Under UK coronavirus laws, face coverings on public transport have been mandatory in England since June 2020, unless exempt. Those who refuse to comply face a fine – £200 for a first offence and doubling with each repeat offence, up to a maximum value of £6,400. But while many of us have seen passengers breaching these restrictions, exclusive research has revealed that only a handful of fines have been dished out.
An FOI conducted by Express.co.uk has revealed that, up to May 5, 2021, British Transport Police (BTP) has recorded 96,146 “interventions with passengers not wearing face coverings”.
Of these interventions, BTP has issued 7,325 “directions to leave” the station or train.
And in total, 447 Fixed Penalty Notices “relating to face coverings” have been issued.
This calculates to less than 0.5 percent of all interventions leading to a fine.
READ MORE: When can we stop wearing masks?

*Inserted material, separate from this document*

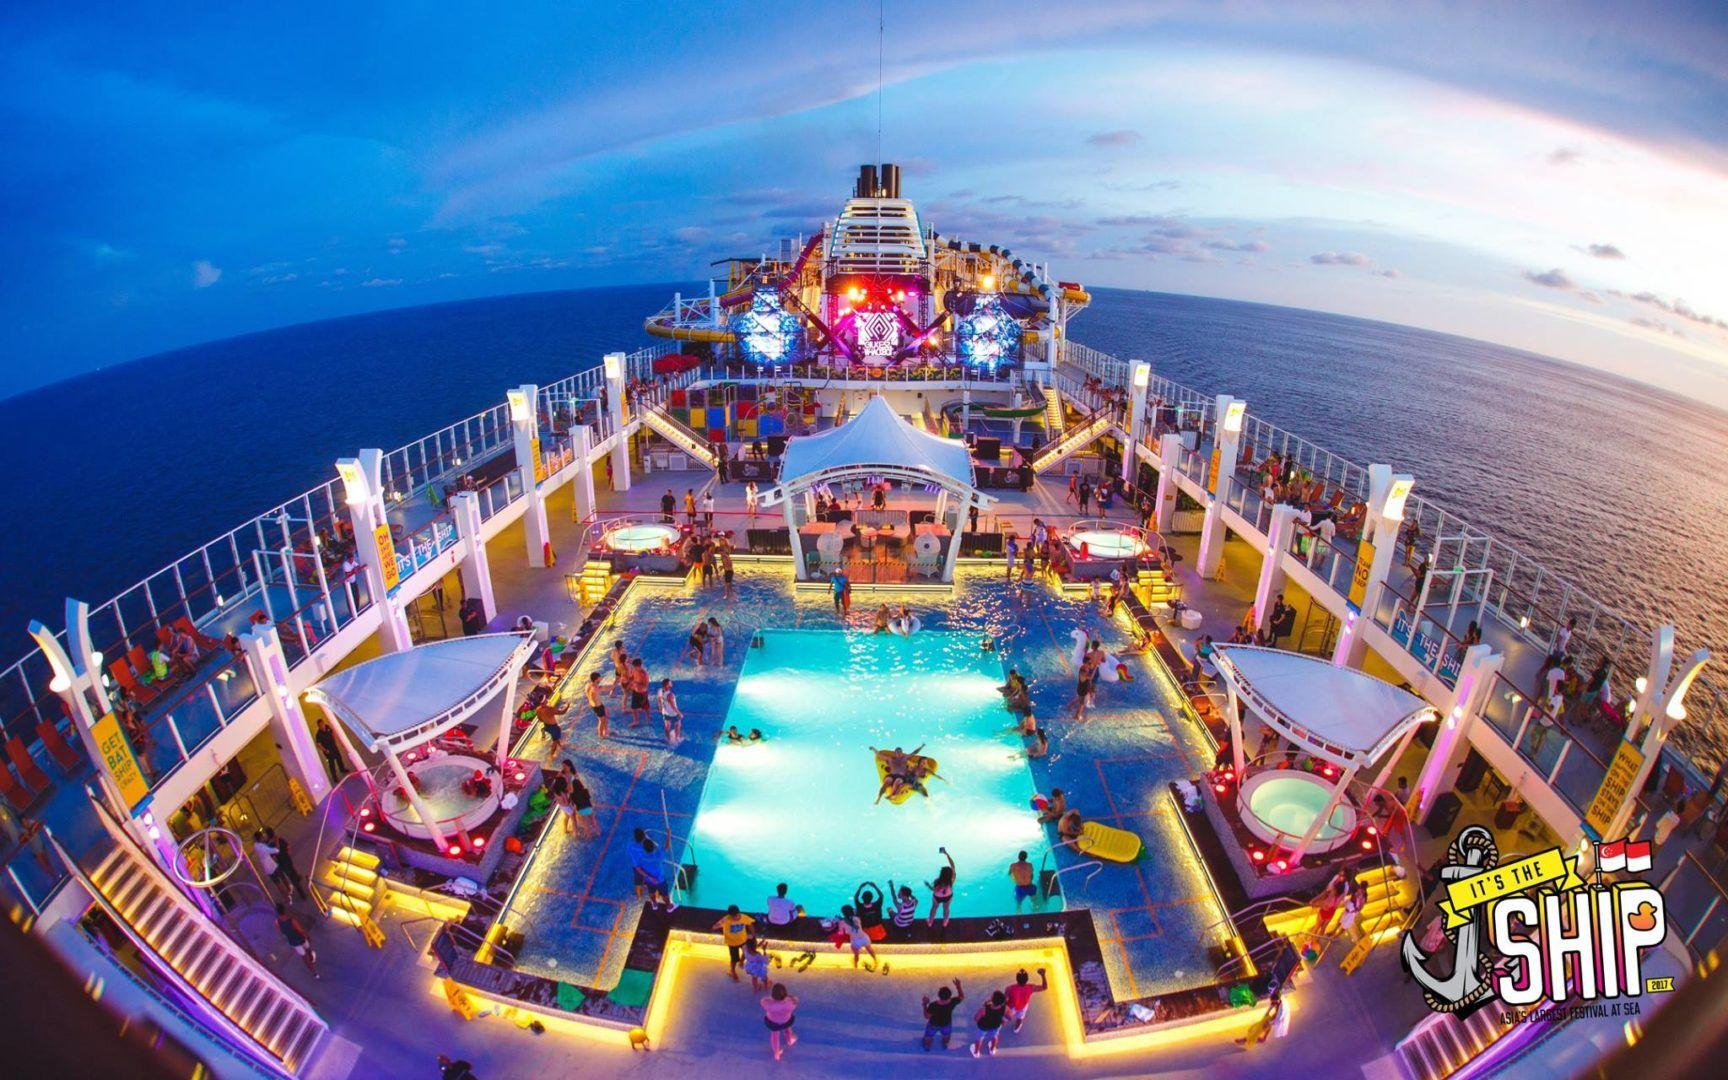 It's The Ship festivales caros
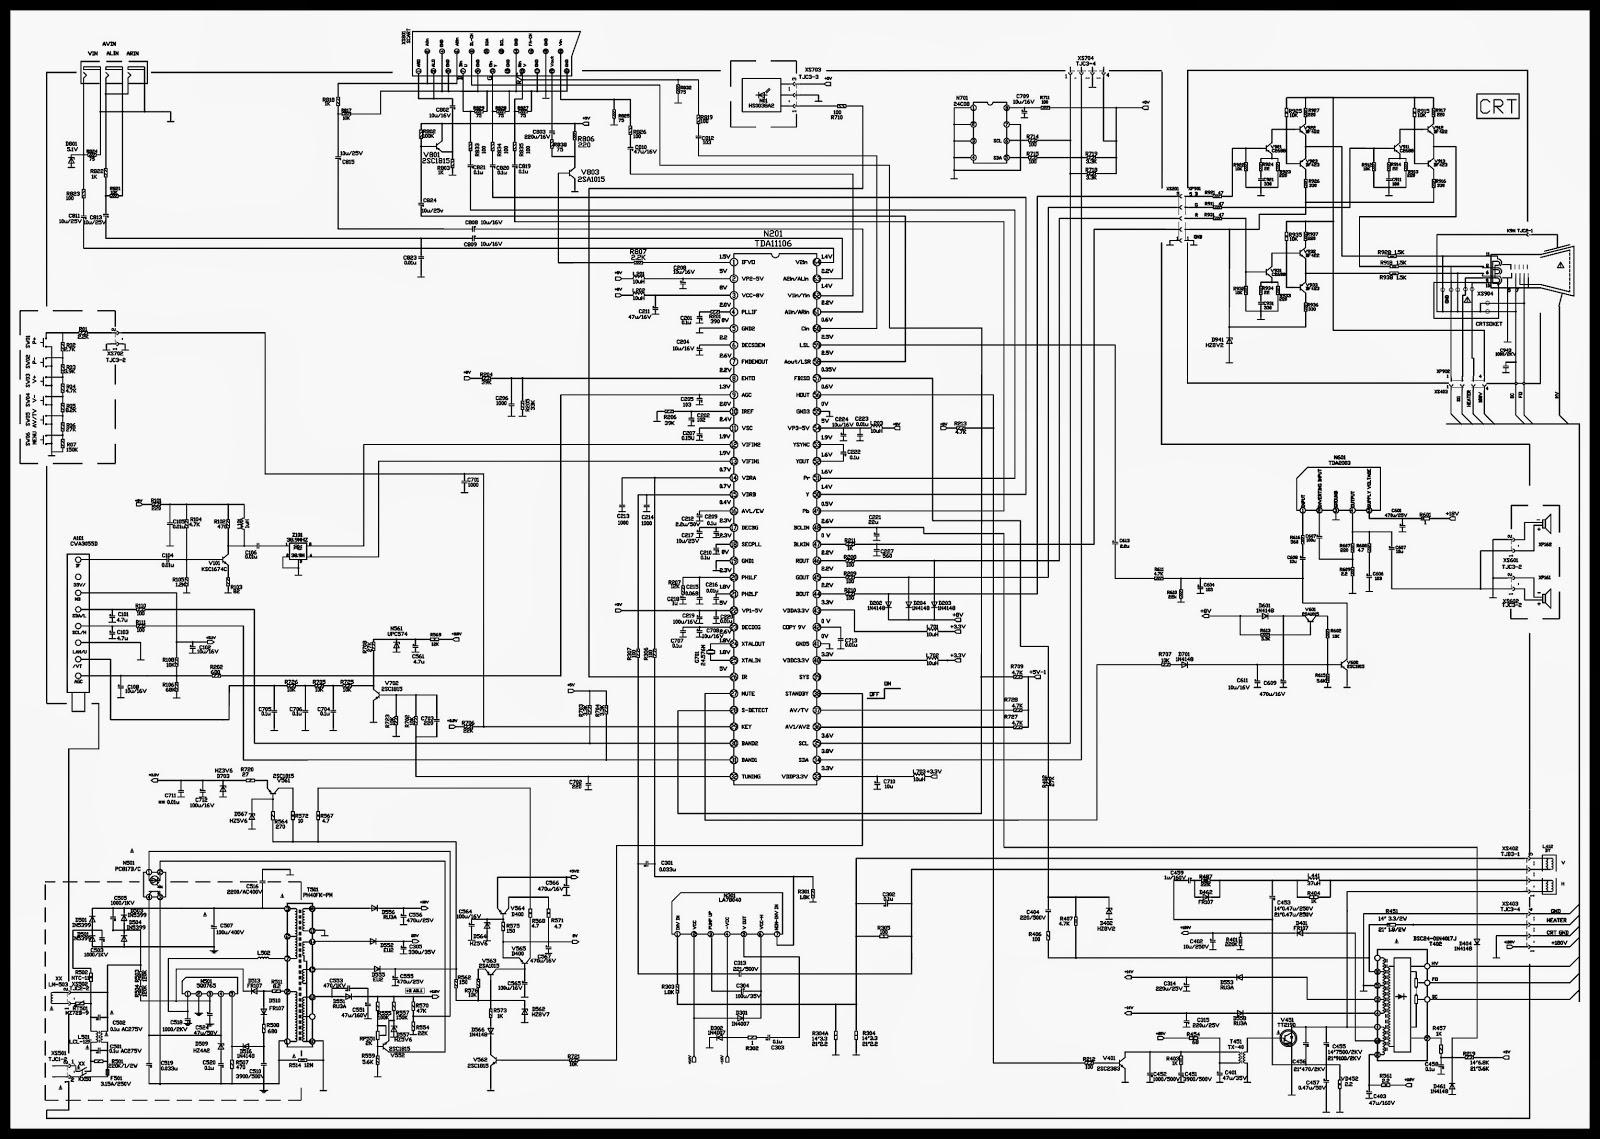 tv tuner card circuit diagram 1998 ford explorer alternator wiring  the

Government guidance update
A spokesperson for BTP told Express.co.uk that the number of fines handed out is so proportionately low as they are a “last resort”.
The spokesperson said: “Our approach is to always begin by engaging with the public and explain the reasons why the protections are necessary and a lawful requirement.
“The overwhelming majority of people have listened, complied, and continued to play an important role in protecting other passengers and rail staff – we have seen compliance levels of around 97 percent.
“In those cases where people have refused to comply with the requirement, and they don’t have a valid exemption or reasonable excuse, officers have taken action by refusing entry to trains, directing passengers to leave services, and as a last resort, issuing fixed penalty notices.”
The spokesperson added: “Fines are low because they’re a last resort, and asking people to leave is low because compliance has been high.”
Bruce Williamson, a spokesperson for rail campaign group Railfuture, told Express.co.uk the number of fines handed out “seem fairly low” but that the approach of the BTP is “working”.
He said: “I think it’s right that fines are seen as a sort of last resort.
“We don’t want the rail travel to be like an experience with the Gestapo.
“But on the other hand, it’s right the British Transport Police are making it compliant and making the railway safe for people, you know, so that we don’t run the risk of getting a deadly disease on the train.”
However, anecdotal evidence still shows a large number of passengers will obey the rules in front of law enforcement or train staff, and then flout the rules in front of other passengers.
A 27-year-old primary school teacher in London, who declined to be named, has taken the London Underground and a bus daily to get to work throughout the pandemic.
She told Express.co.uk: “Since the lockdown was eased, fewer and fewer people are wearing masks, or they are wearing masks but wearing them under their chins, or incorrectly.”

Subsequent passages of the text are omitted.